2 years back I wrote that India has a premature incubation model. Things have changed now – Accelerators / Incubators is the new trend here. Simply too many and too much buzz around it, its all smoke without fire. I had a unfortunate encounter with one of organizers of an accelerator who claimed that its program is more beneficial for startups than YC or 500 Startups. That incident still makes me laugh, wrote about it last year.
This post are suggestions to Accelerators and is based on my personal interactions with many startup entrepreneurs, investors and enablers in ecosystem.
1. Stop looking for startups with traction.
Accelerators start by looking for startups with traction. Its puzzling, because startups with traction are looking for investors, not accelerators. Wouldn’t it be simply awesome if accelerators start saying – ‘Join us and we will ‘help’ you gain / build traction!’.
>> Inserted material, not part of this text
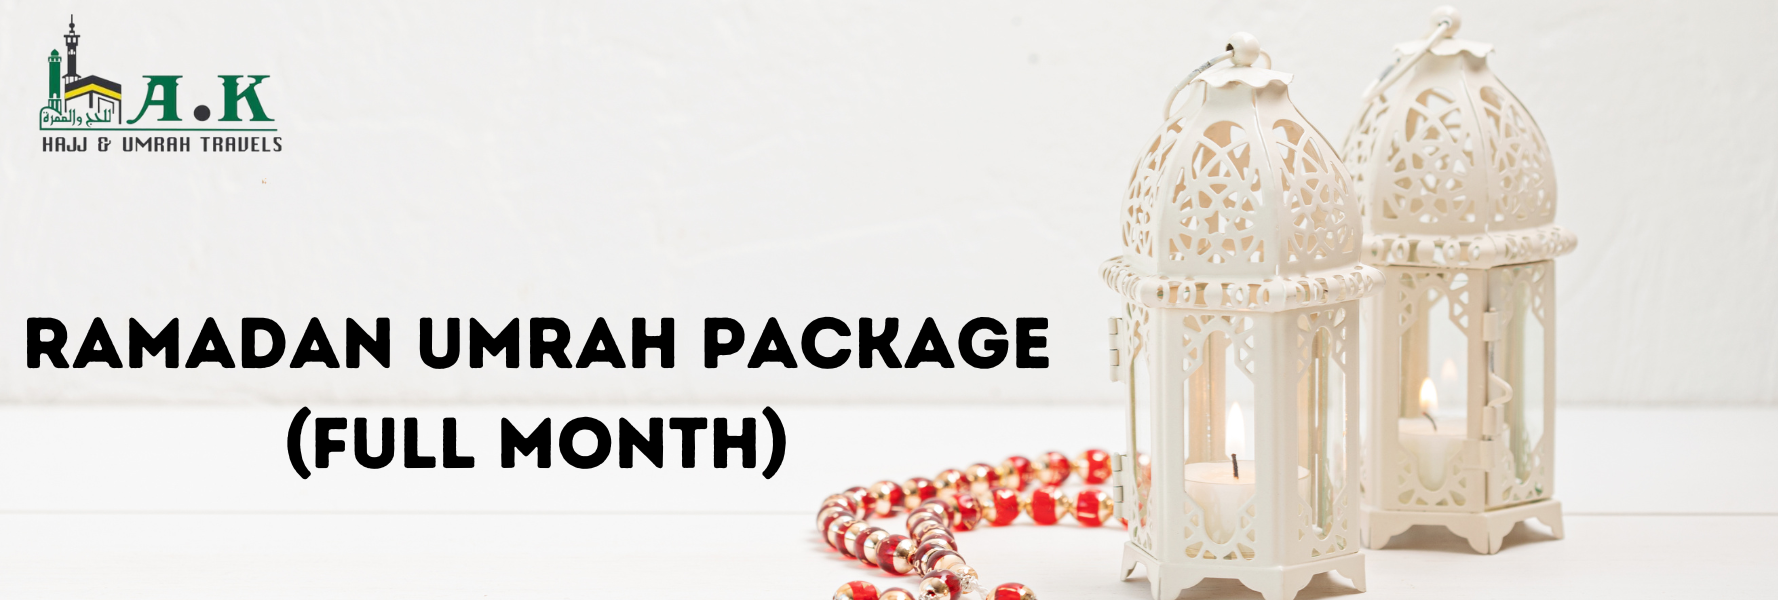 Full Month Ramadan Umrah Package
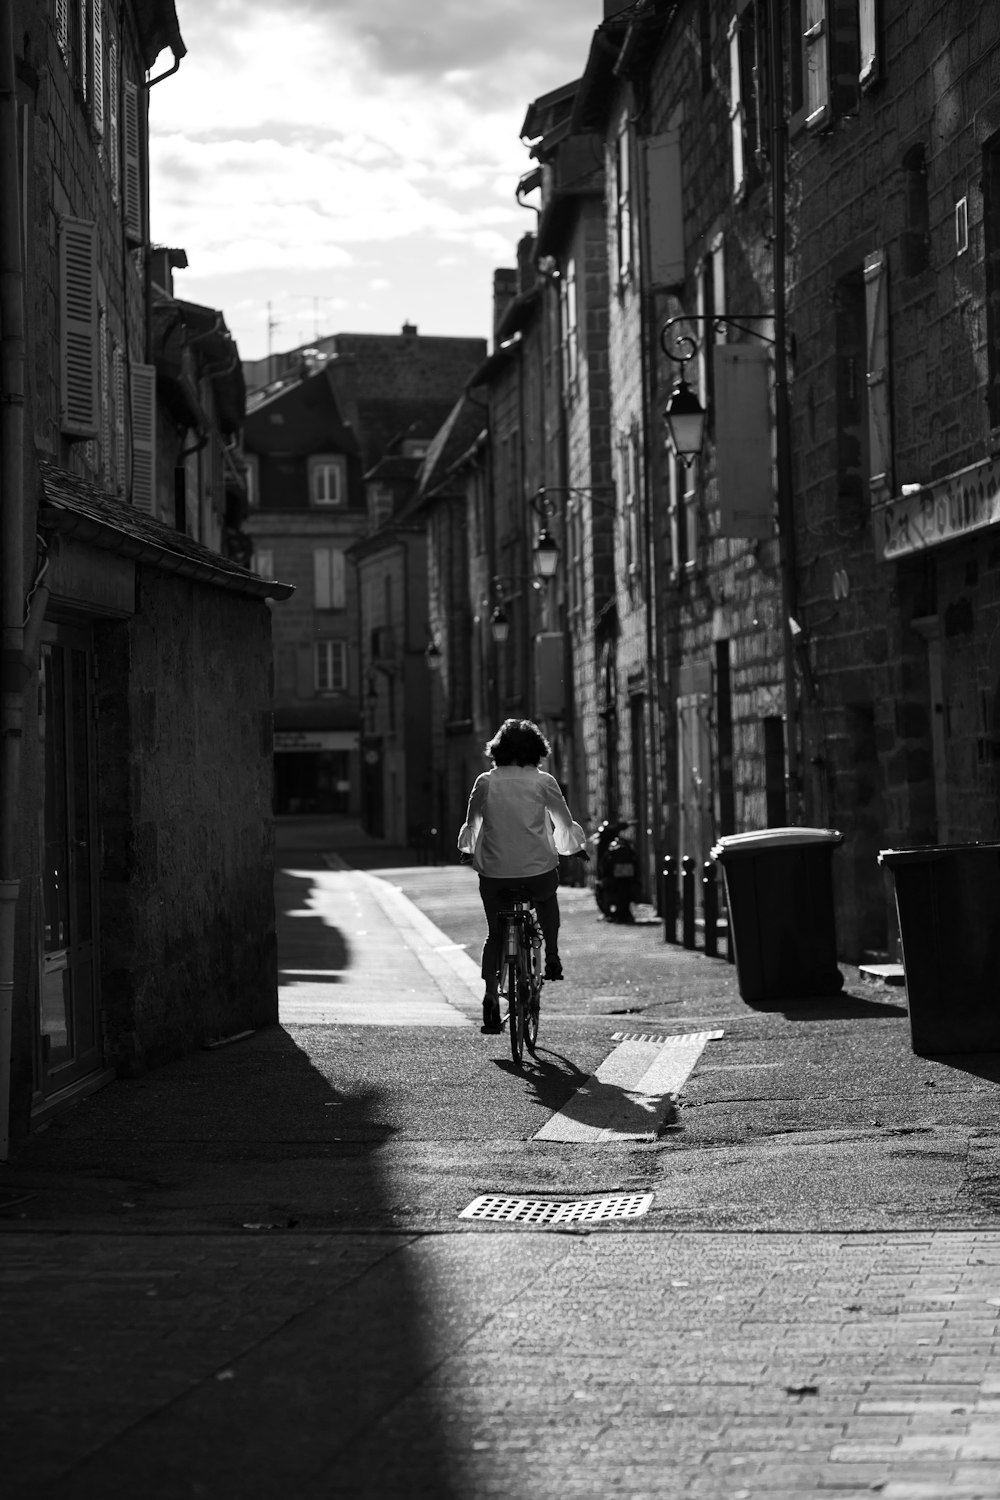 Mann im weißen Hemd fährt Fahrrad auf der Straße in Graustufenfotografie

Unfortunately, since there are too many startups, the competition and market dynamics will not make this real. But seriously, can some accelerator stand up and say – ‘Join us and we will ‘help’ you gain / build traction!’. Entrepreneurs will have more faith & trust in you.
2. Be a little transparent.
Your metric for success is simple – success of the startups that have graduated from accelerator. Tell us that story, maybe you could learn a bit from TechStars that lists detailed performance of its portfolio companies.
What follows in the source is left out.